Effect: We developed a transportable temperature and heatwave control engine (TENTACLE) to manipulate and record temperature simultaneously in indoor and outdoor aquatic micro- and mesocosms. So far, TENTACLE was successfully applied in the first indoor microcosm experiment and outdoor experiment with mesocosms in the Netherlands. An extensive literature search to inform a review about the experimental and modelling assessments of combined effects of temperature and chemicals in freshwater systems was conducted. For calibration and validation purposes of a modelling tool to assess chemical effects under different temperatures, multiple experiments have been conducted. The first toxicokinetic-toxicodynamic model has been calibrated successfully.

Risks and Mitigation: We work on predicting environmental concentrations of pharmaceuticals in freshwater environments from sales data. Next to that, a first article has been finalized in which EU regulations of chemicals has been reviewed and provide suggestions on how these can be improved in order to protect the environment better.

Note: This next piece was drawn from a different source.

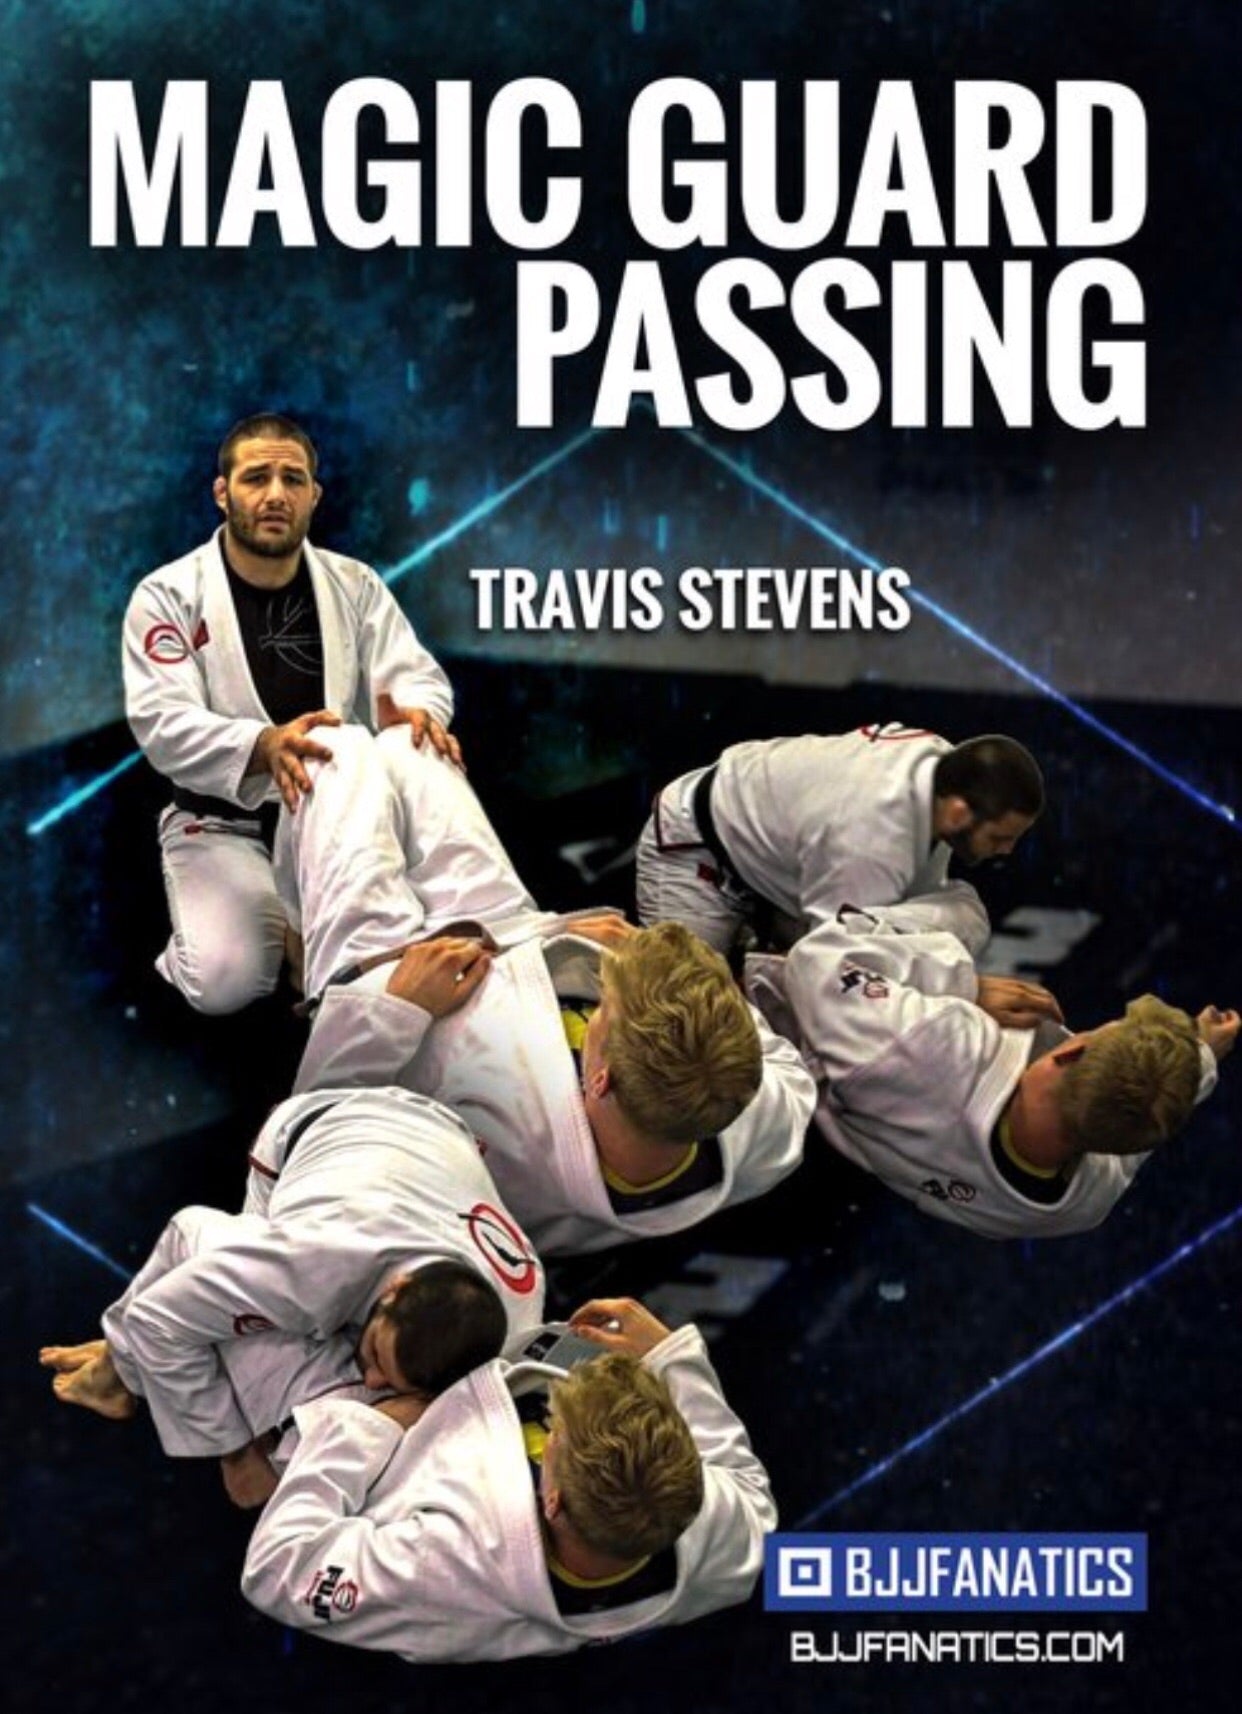 Magic Guard Passing 2 DVD Set by Travis Stevens  - Budovideos Inc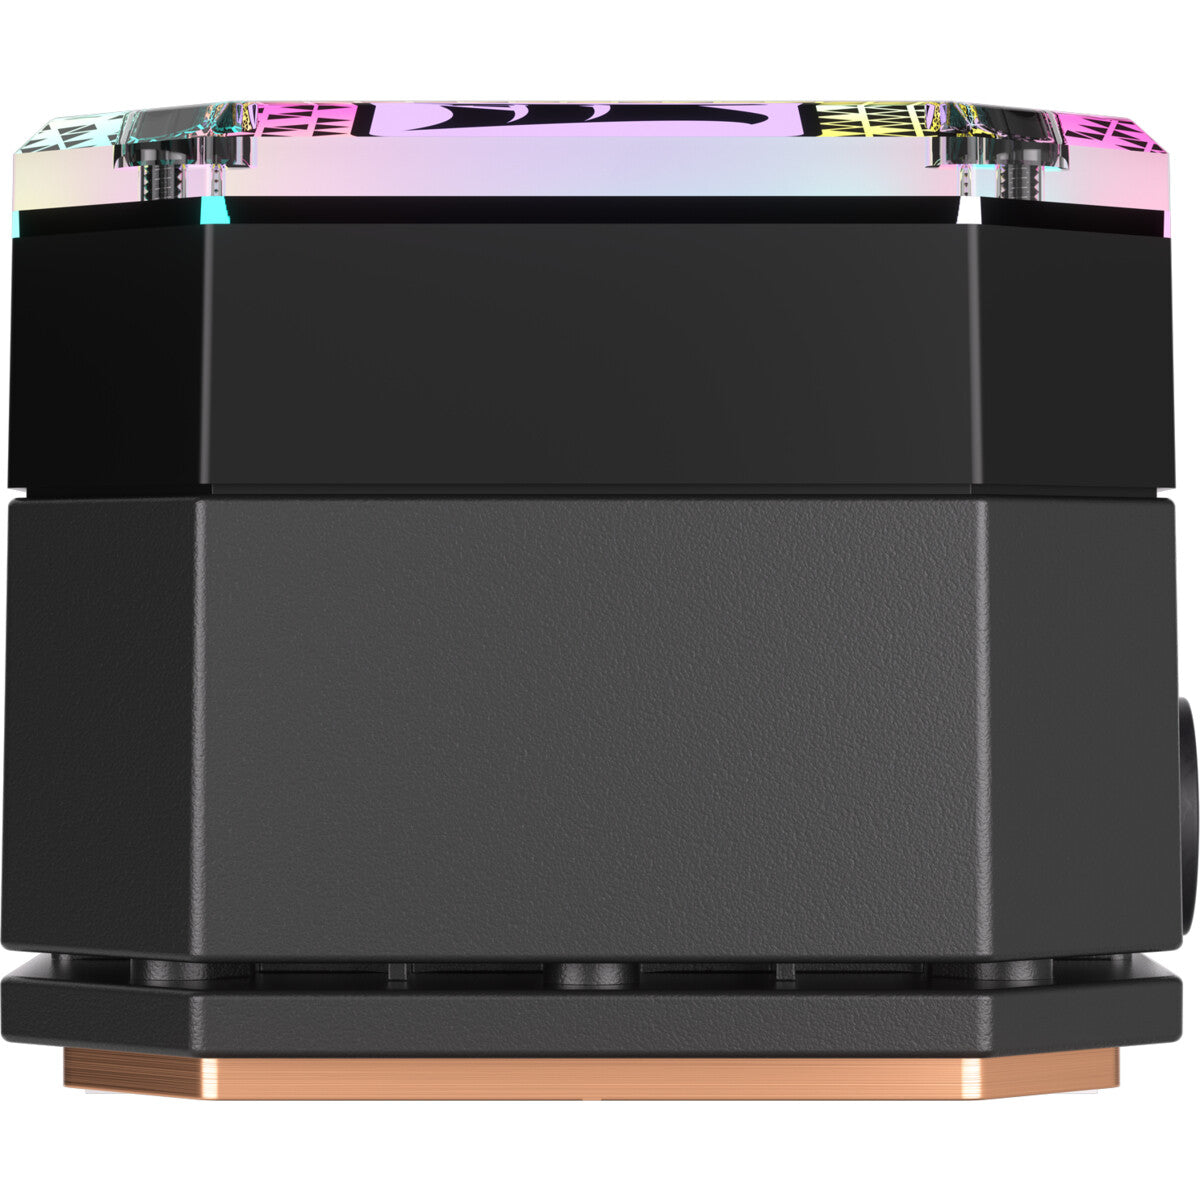 Corsair iCUE H150i ELITE CAPELLIX XT - All-in-one Liquid Processor Cooler in Black - 360mm

Scenarios: Combined climate/land use/agronomic management scenarios will be developed for selected case study regions in the future. Using case-study urban systems located in Northern, Central and Southern regions alongside existing usage data and models and projections of future change, we will then develop emission scenarios for different chemical classes for the current situation and for 2050. Challenges of pest pressure and chemical inputs will be identified in regard to farming options in the future broken down to farm level (bottom-up approach), involving partners in the field of operational pest monitoring and warning.

Exposure: We will develop and parameterise modelling frameworks for estimating concentrations of chemicals in surface waters and drinking water and in associated food items (crops, fish and shellfish) in the future. We will explore the effects of key environmental change parameters on the sorption, persistence, uptake and metabolism ofcompounds in aquatic and soil systems. Experimental work will also explore the fate and behaviour of chemicals in water re-use systems, and use this to develop crop uptake and exposure models for wastewater re-use systems. Additionally, we will develop an exposure modelling framework for estimating exposure concentrations of emerging contaminants in river basins, drinking water for current and future conditions.

Effects: Experimental research into the effects of chemicals on aquatic populations and communities will be performed by selecting relevant combination of stress factors, and ecological models will be developed, parameterized and validated. Experimentally, we will assess how different climate-related factors affect aquatic communities to future chemical contamination. Also, a set of modelling tools will be developed to assess the influence of GC on ecosystem function and structure and its interaction with chemical stress at different levels of biological organization.

Risks and Mitigation: The risk of emerging chemicals from agricultural and urban sources will be assessed, separately and in mixtures, under current and future scenarios. A probabilistic modelling approach (Bayesian network – BN) will be applied to integrate the risk assessments with future global change scenarios, as well as with effects of mitigation measures. While the general modelling approach will be applicable for all results from ECORISK2050, specific models will be adapted risk assessment for geographic regions and specific chemical types (pesticides, urban chemicals) and for assessment of mitigation measures and backcasting.

Impacts: ECORISK2050 brings together experts from academia, industry and government agencies from across Europe. ECORISK2050 will deliver high quality training and research products that will resonate at several levels: 1) At the level of the individual researchers; 2) Within the network of ECORISK2050 partner organizations; 3) At the European level by impacting National and European policies, and 4) at the Global level by producing a cohort of highly trained risk assessment specialists and by generating novel cutting edge science to improve risk assessment and management of water resources.